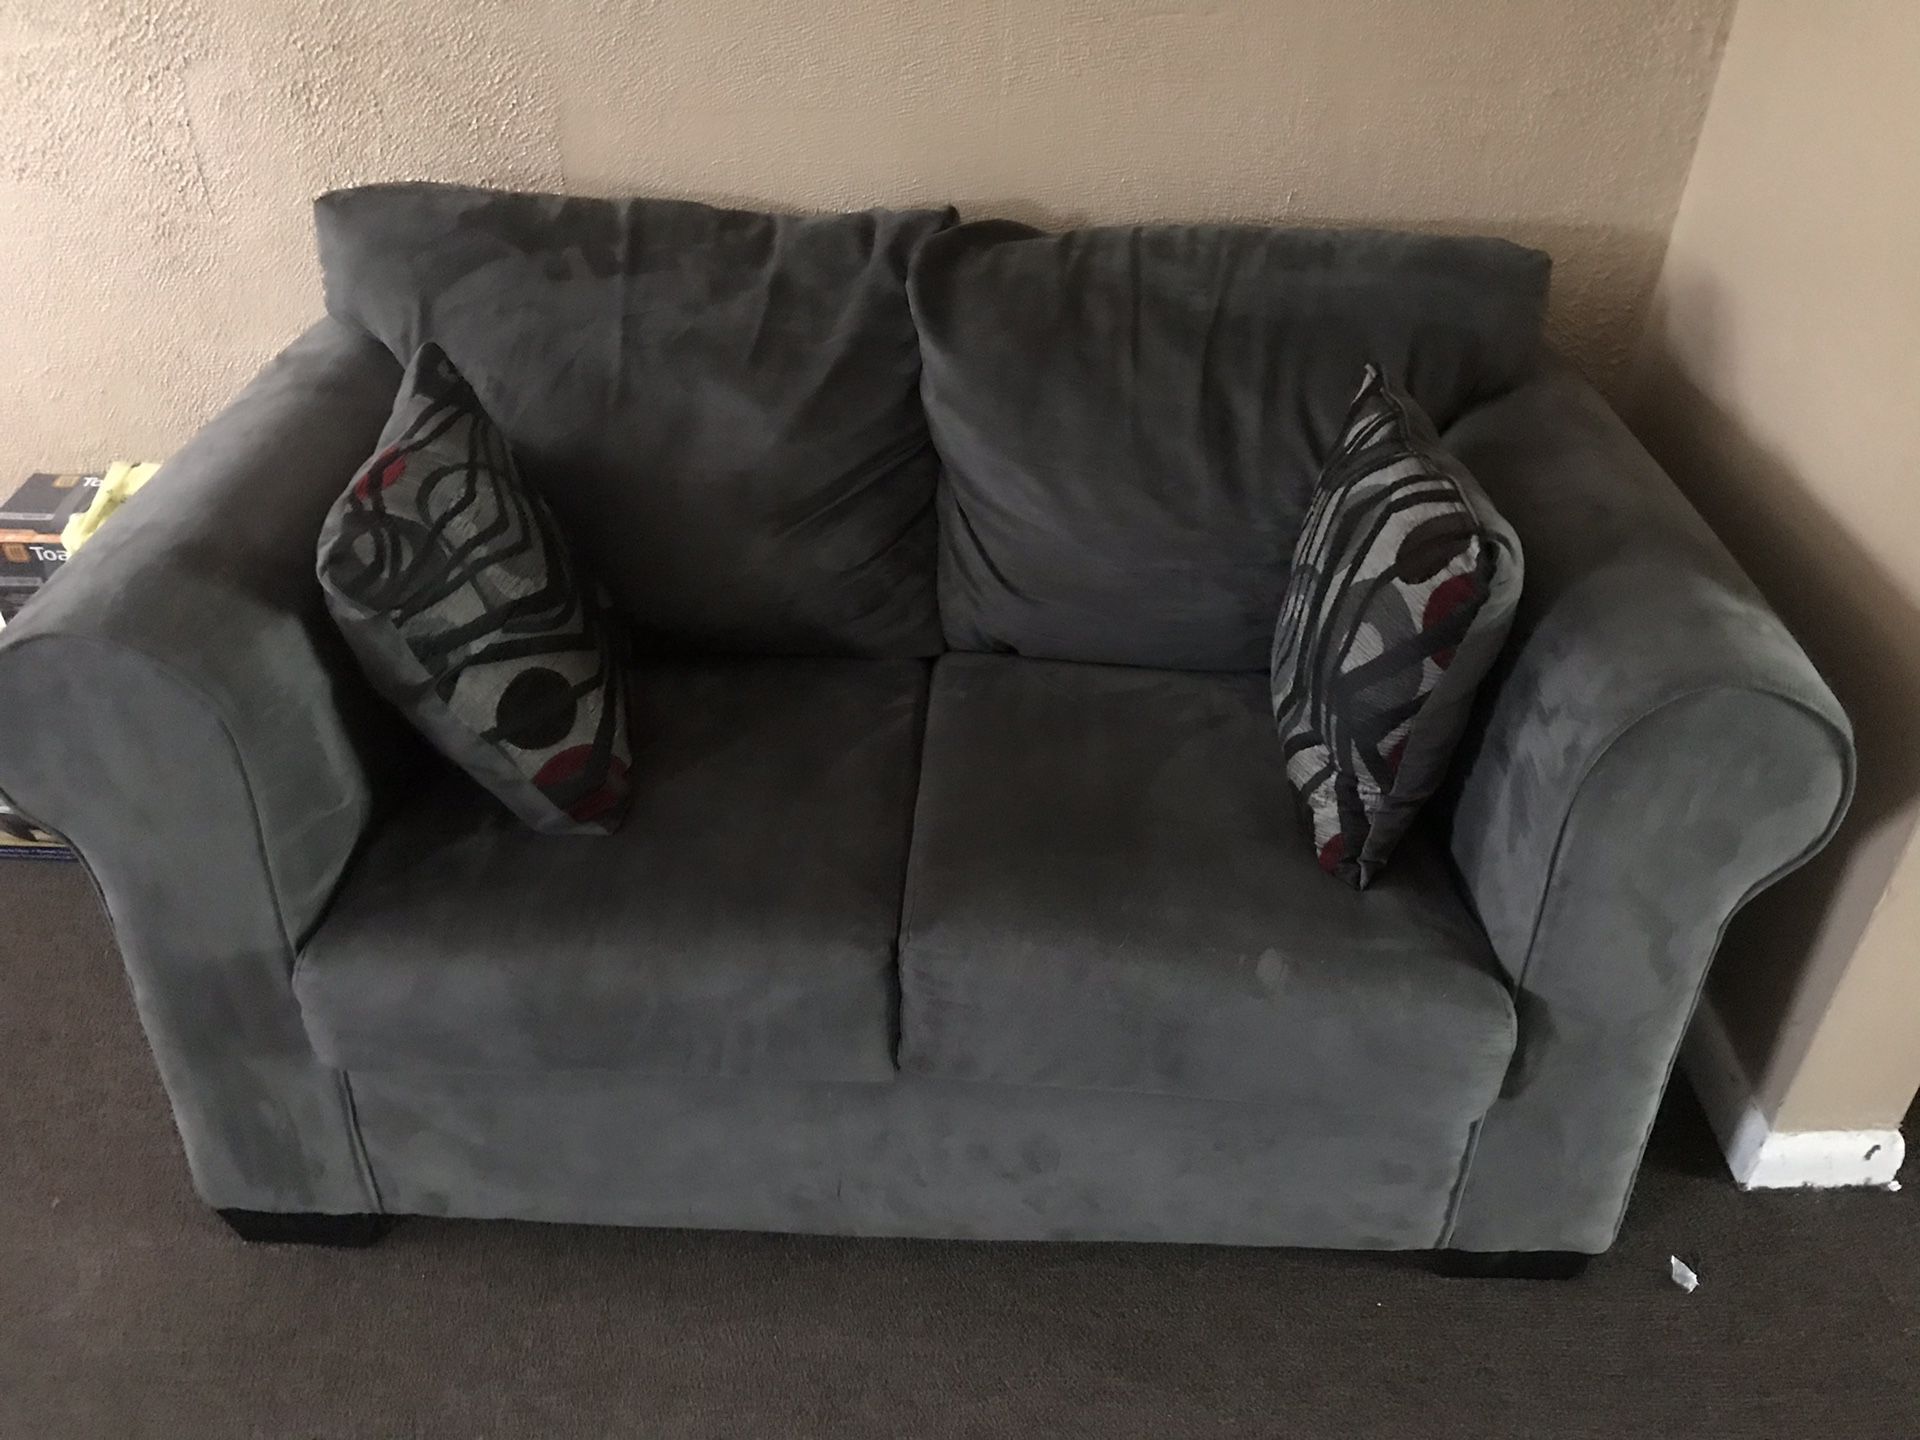 Two sofas
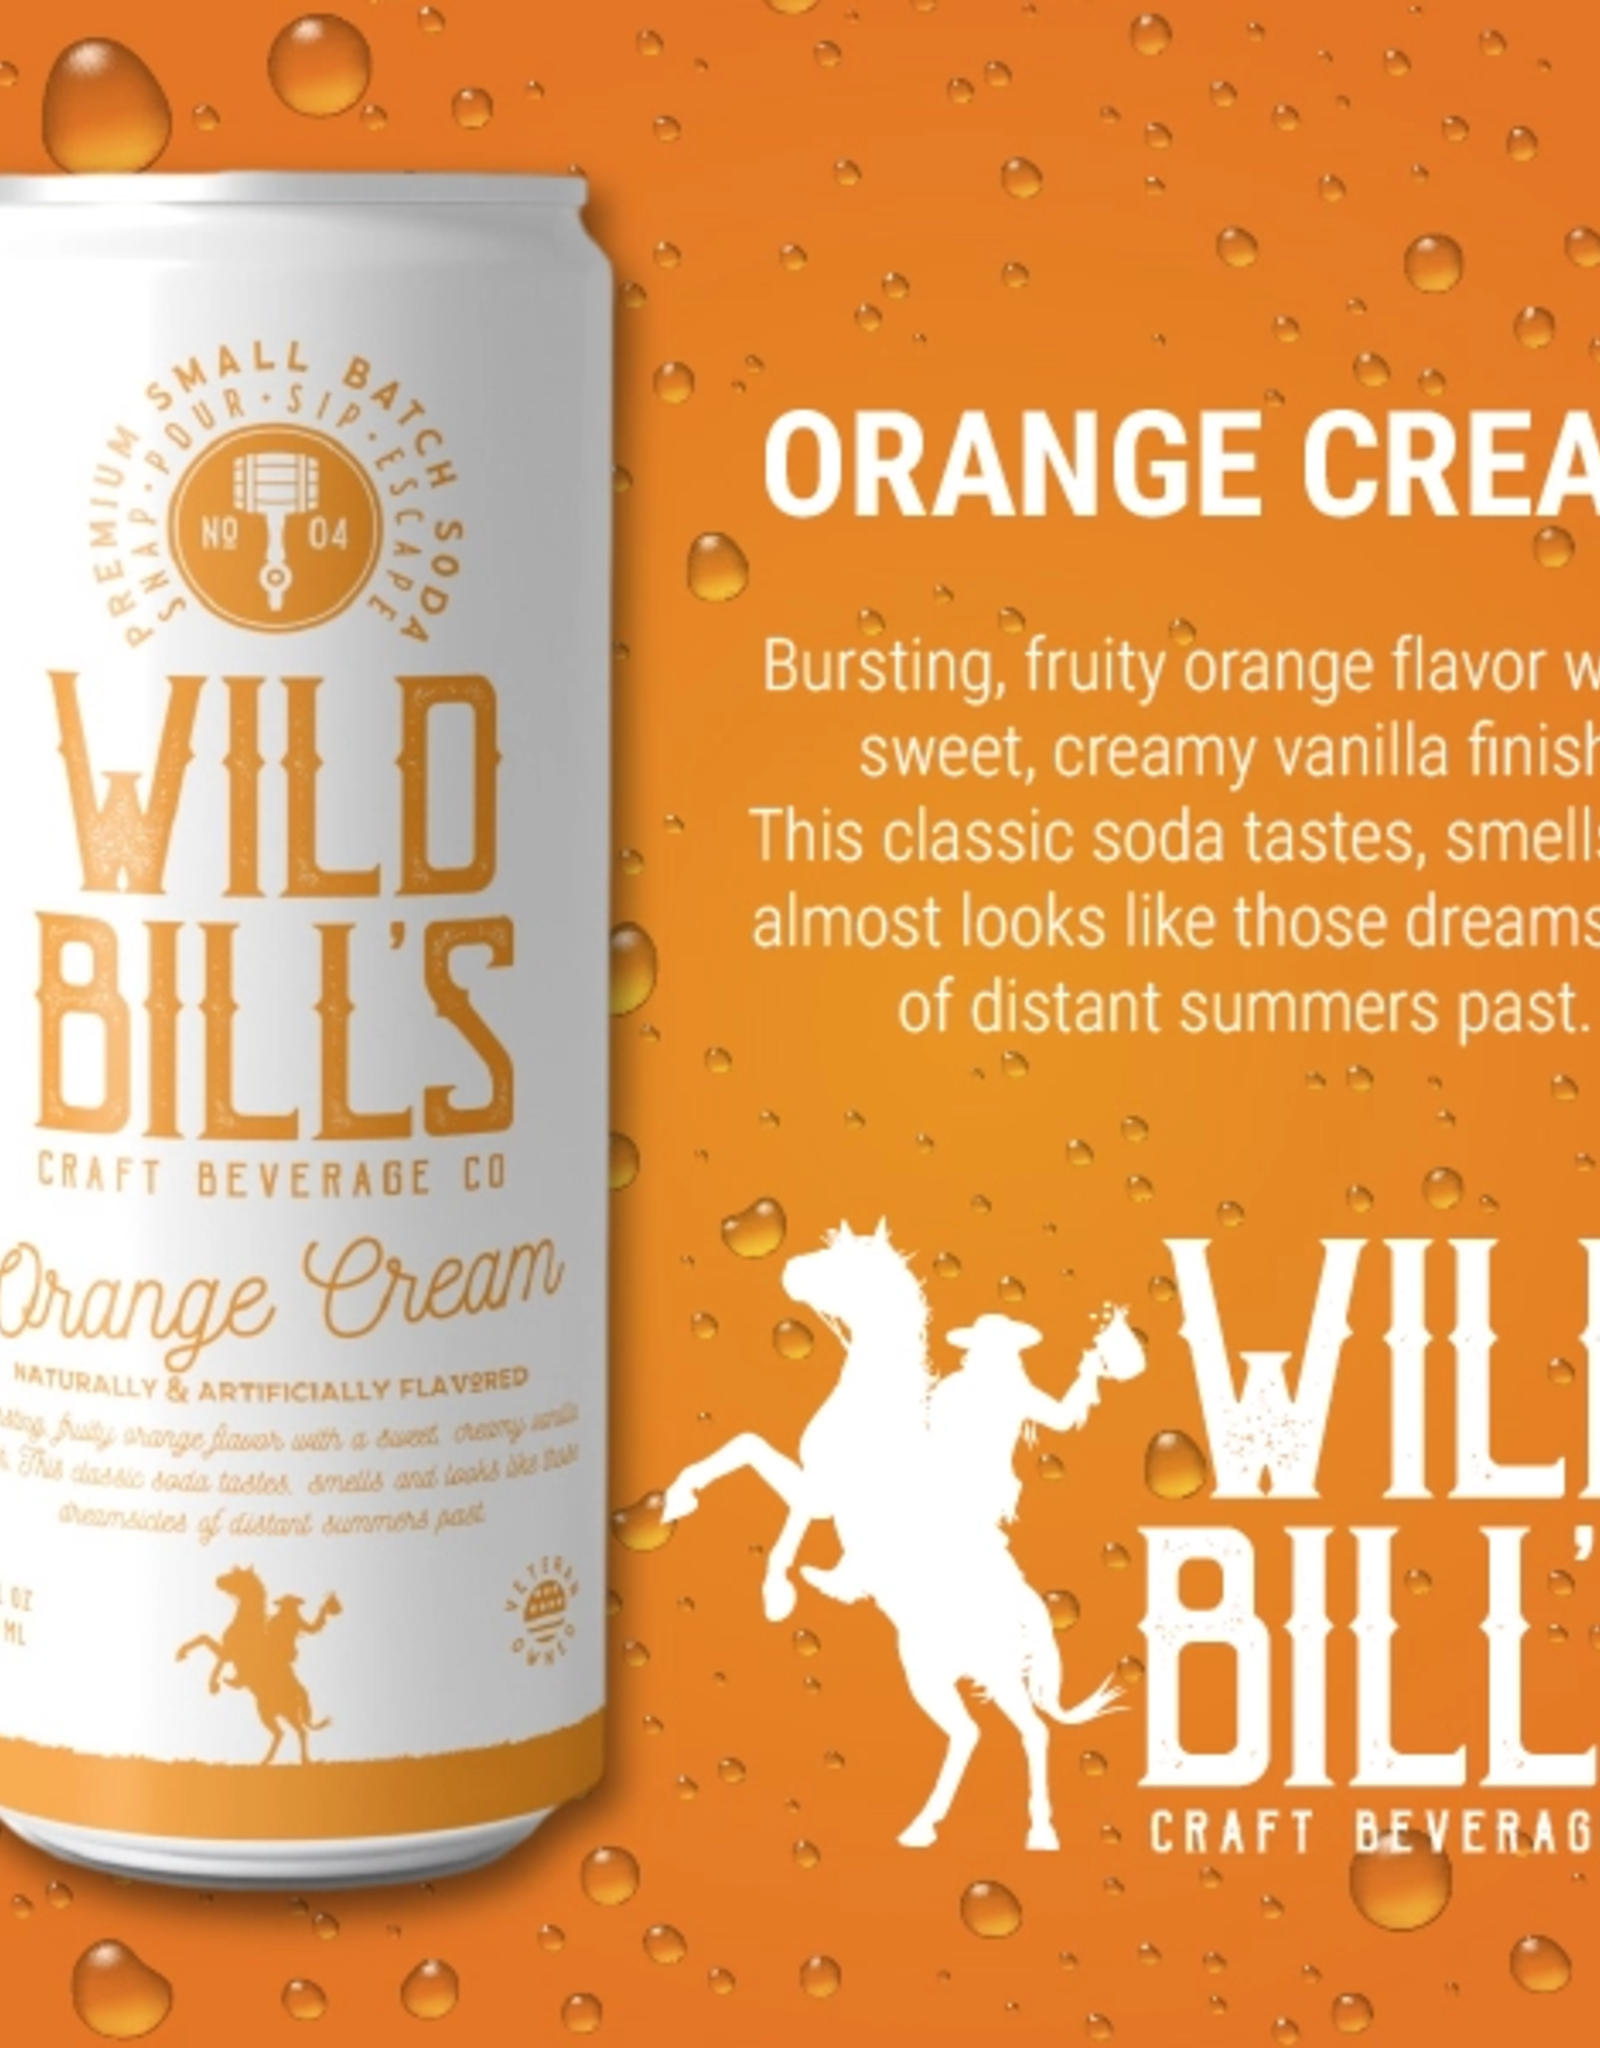 Wild Bill's Craft Beverage Co. Wild Bill's Orange Cream
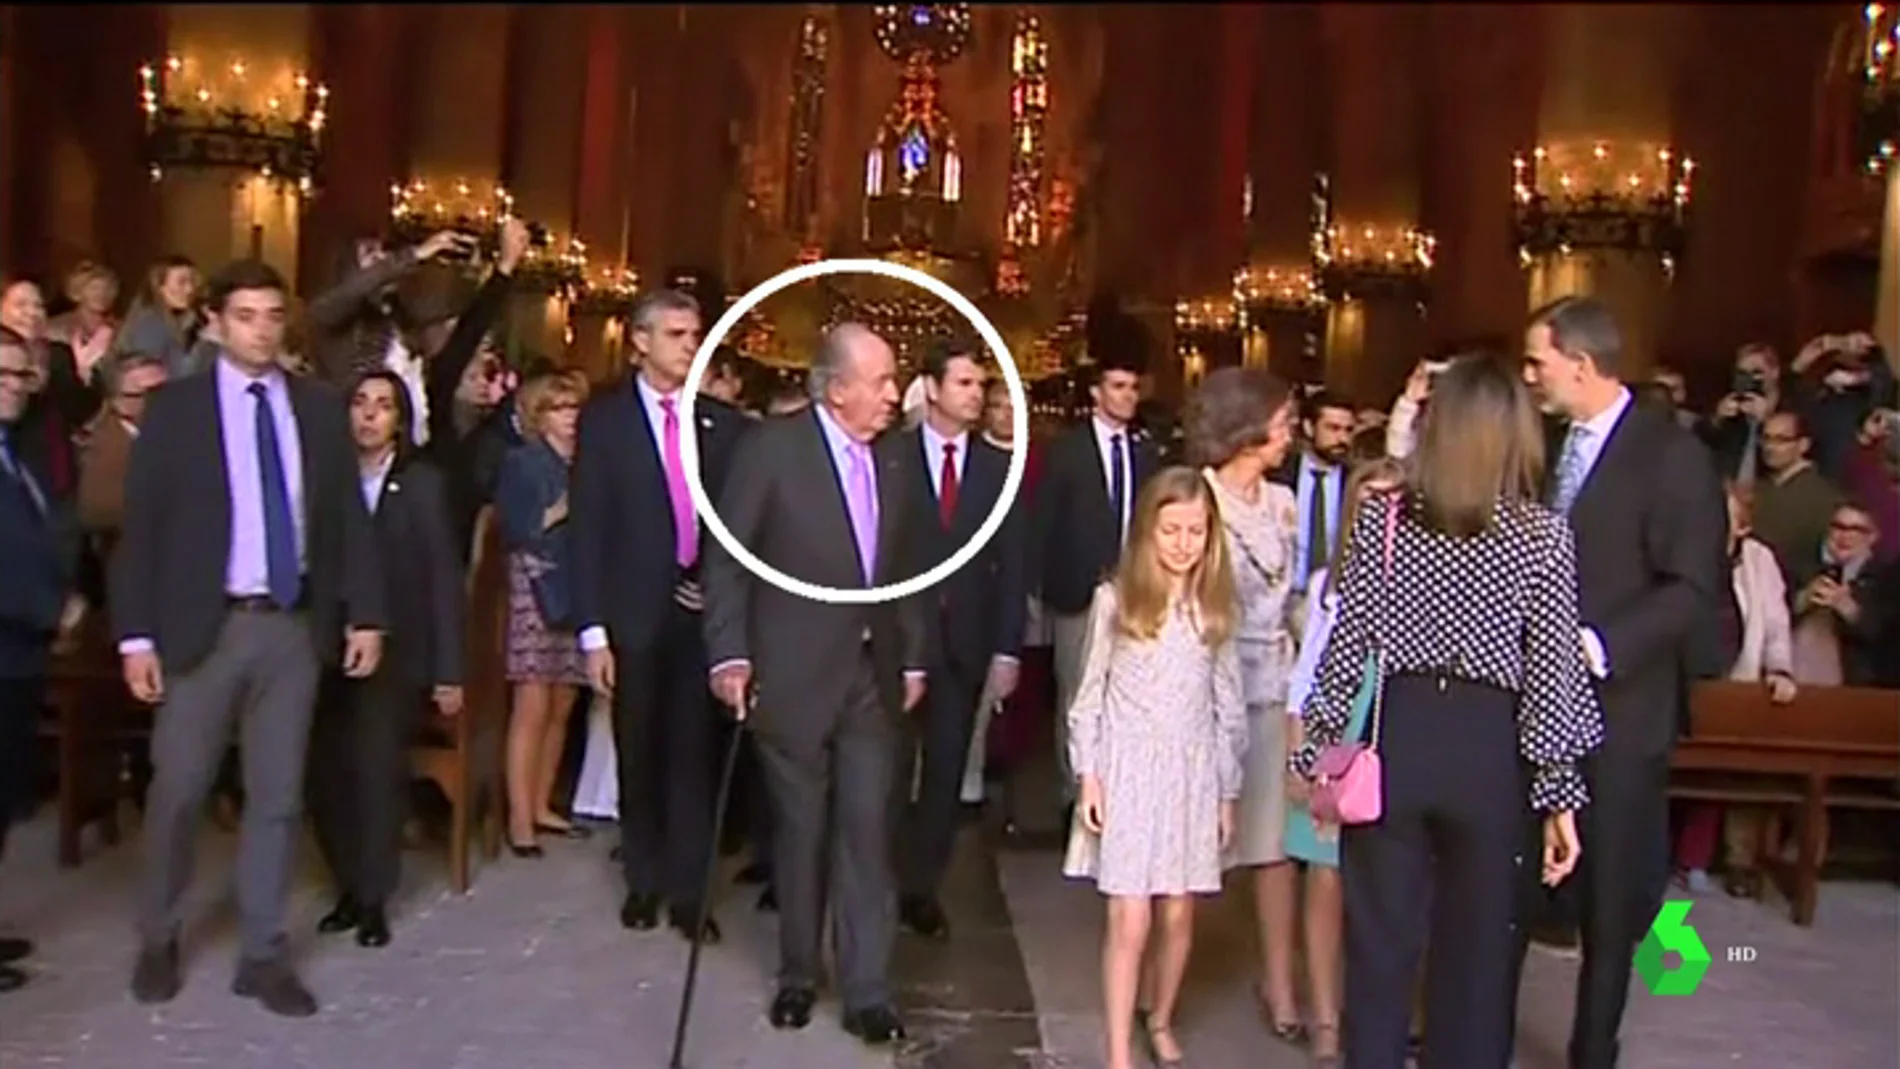 Todos los detalles del vídeo de la familia real: ¿hay rifirrafe entre Letizia y Sofía? ¿Quién aparta la mano? ¿Intenta mediar el rey?
+++
Work required:
Return the material verbatim; the images are not to appear in the copy.

Answer below:
 Two sofas
 Wild Bill's Craft Beverage Co. Wild Bill's Orange Cream
 Todos los detalles del vídeo de la familia real: ¿hay rifirrafe entre Letizia y Sofía? ¿Quién aparta la mano? ¿Intenta mediar el rey?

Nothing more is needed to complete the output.